Steve Nicol thinks Marco Verratti would be a great fit for Barcelona, but Alejandro Moreno worries about his health.

Joan Laporta says he would fight Josep Maria Bartomeu for the Barcelona presidency if an election was to be held in the immediate future, and called on the current board to resign in comments to The Guardian.

Laporta was Barca president for seven years between 2003 and 2010 and was responsible for the appointment of Pep Guardiola in 2008.

Sandro Rosell replaced him in 2010, but he was forced to resign less than four years later over the signing of Neymar from Santos and was subsequently succeeded by current president Bartomeu.

“If [the board] resigned now, I’d definitely stand [for election],” said Laporta, who lost to Bartomeu in the 2015 election after Barca had won the Treble. “The problem is [the current board’s mandate] ends in 2021. If they went now, I’d stand.
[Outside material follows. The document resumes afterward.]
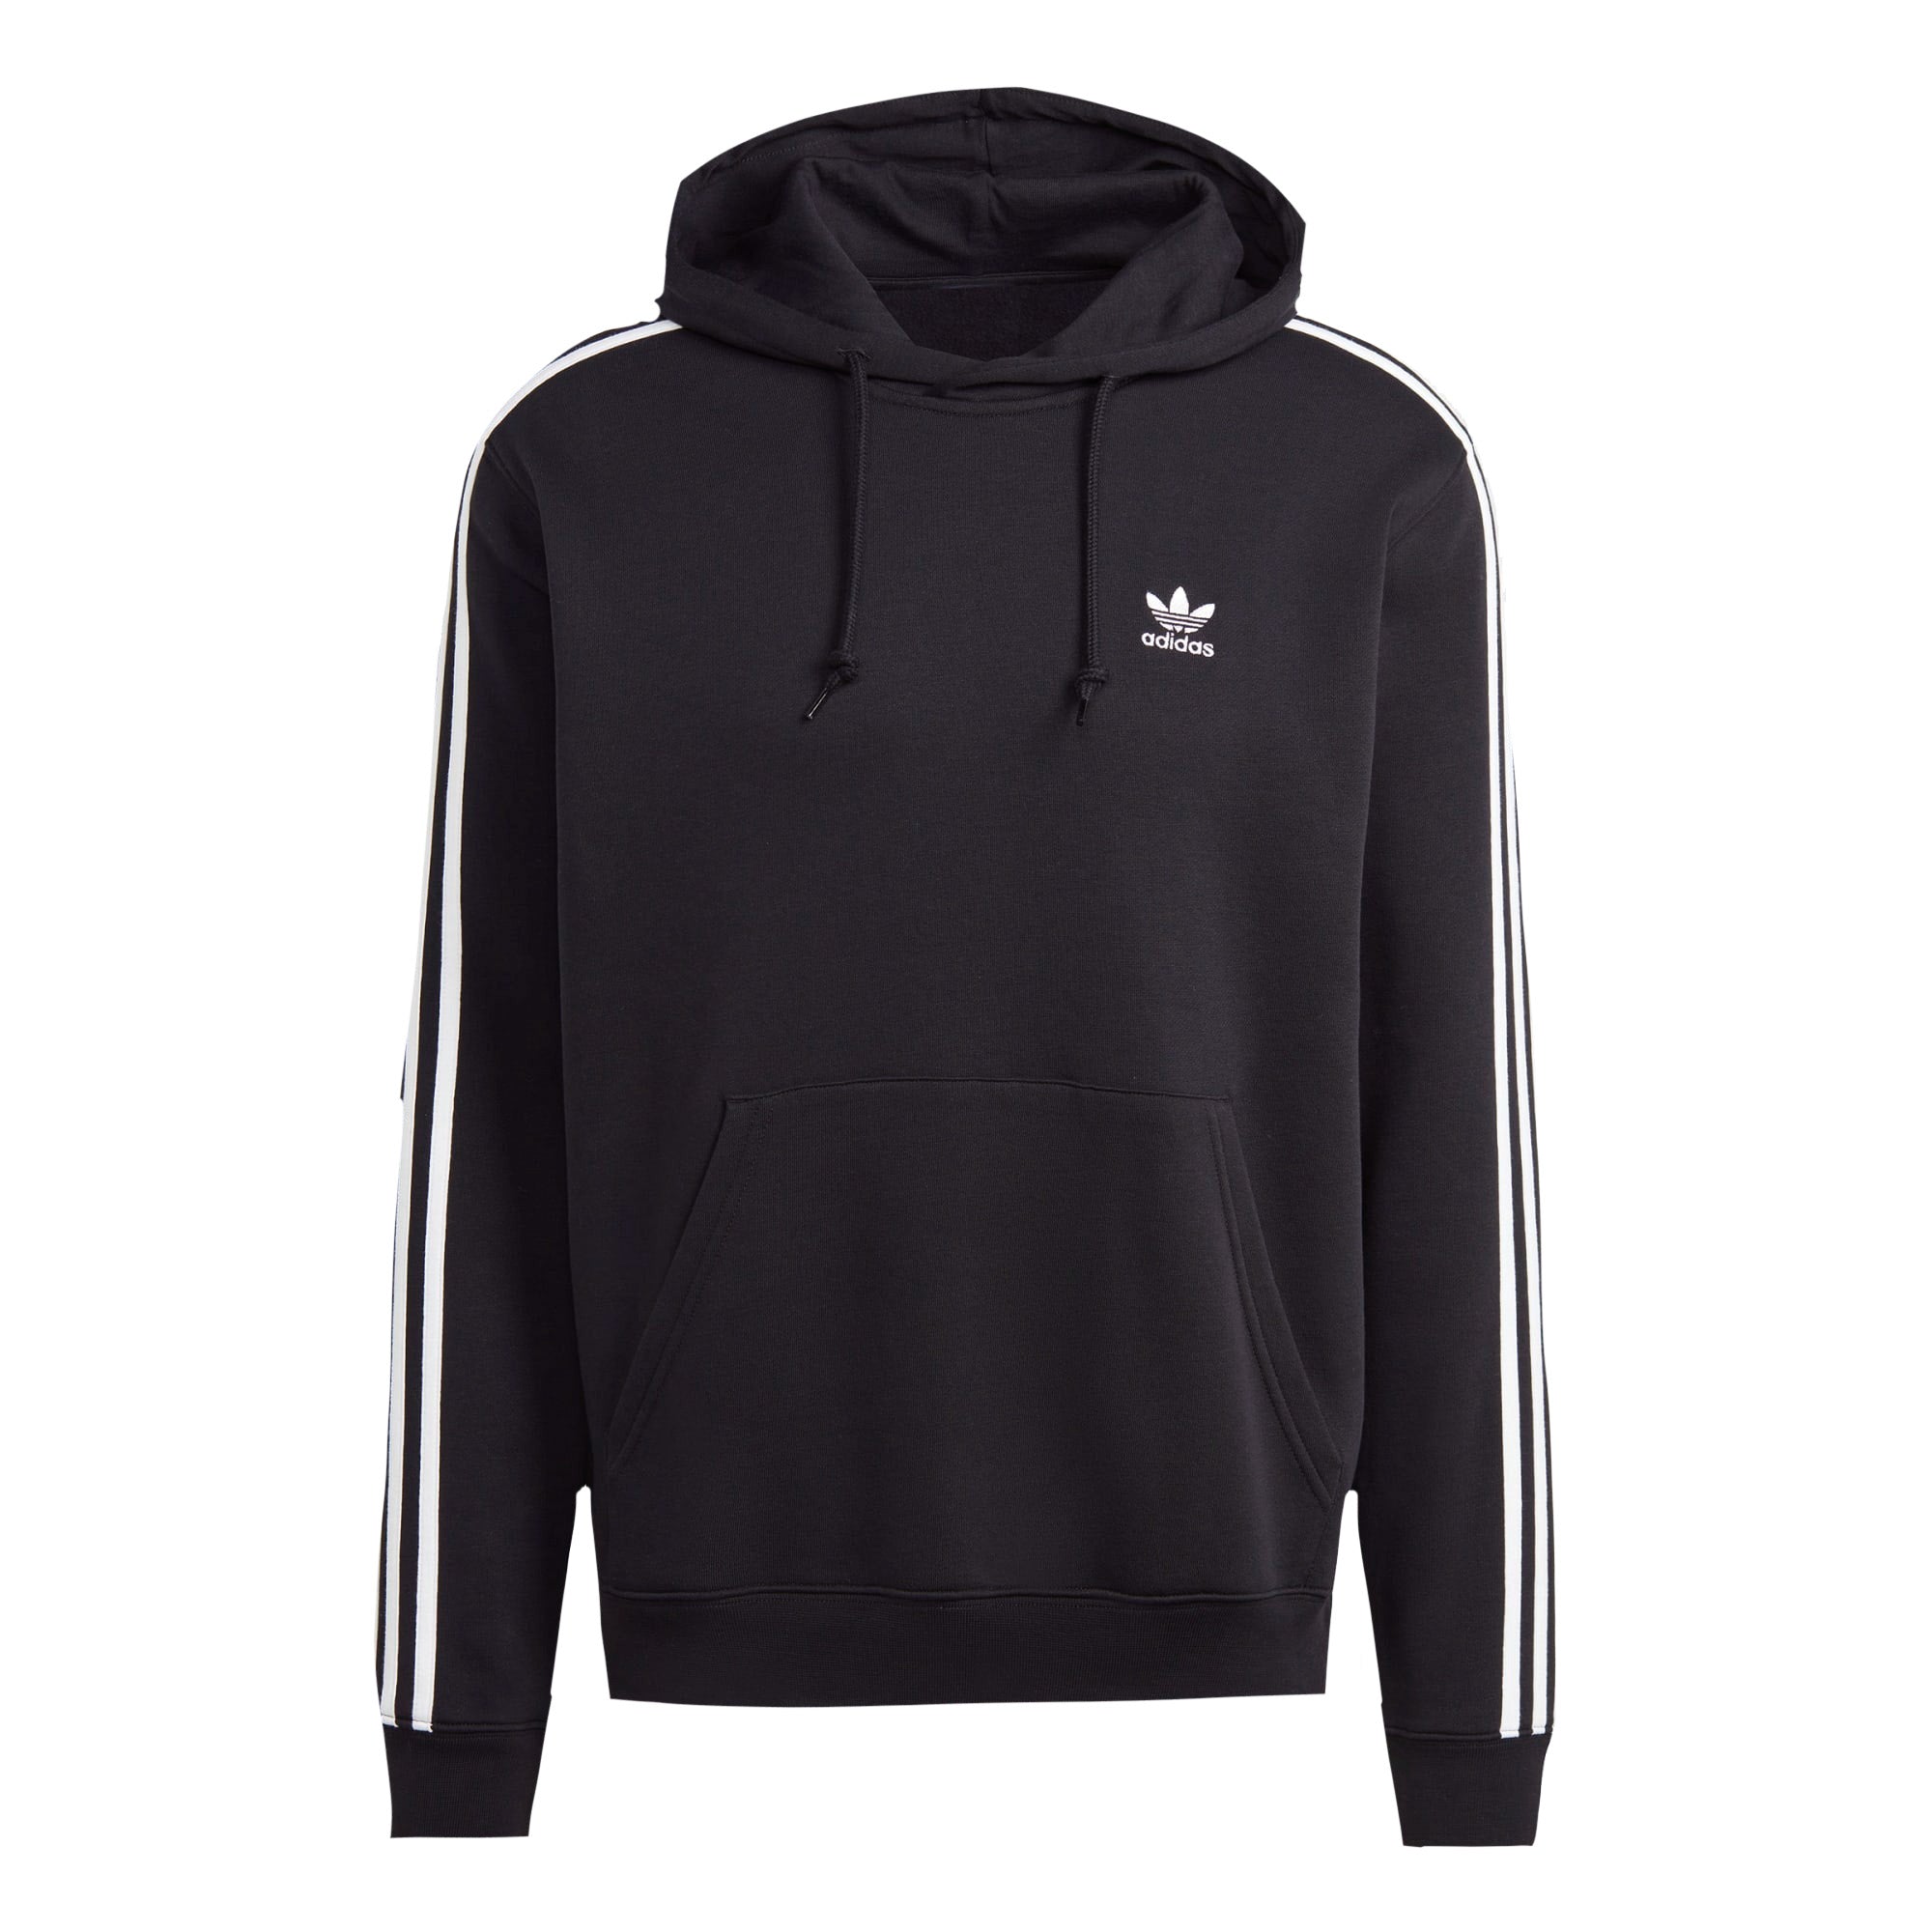 Adidas 3-Stripes Black Sweatshirt

But if they continue for three, four years, I don’t think so.

“We all have our moment. Right now, it’s still fresh to me, but if it goes on longer, I’d like a candidate I can look at and think: ‘Yes, this is the one.’ Renewal’s always necessary. I’d like someone with clear ideas, a model I can share, a person I can trust.”

Joan Laporta was Barcelona president for seven years between 2003 and 2010.

Laporta has always been clear that he cannot trust the current board, who took him to court for alleged losses during his mandate — he was exonerated in May.

“We left [Rosell, Bartomeu, etc] the greatest Barca in the club’s history and they spent their time destroying it,” he added, citing the Neymar transfer and the sponsorship deal with Qatar as reasons for concern.

“Barcelona has been kidnapped. It’s hostage to the intoxication, manipulation and lies [of this board] and it’s sad. I’m demanding they resign. If they had any shame they’d resign; if they had any shame, they’d have gone when they did a deal with the public prosecutor to make the club, not them, liable in the Neymar case.”

Agusti Benedito, another candidate in the 2015 election, is also calling for the board to resign and last week lodged a vote of no confidence against them.

To take the vote of no confidence to the next stage, Benedito needs the support of 15 percent of the club’s members within 14 days, which he estimates is around 16,500 people.

As of Thursday, he said he had just under 6,000 signatures and called on Laporta to help raise awareness of the matter.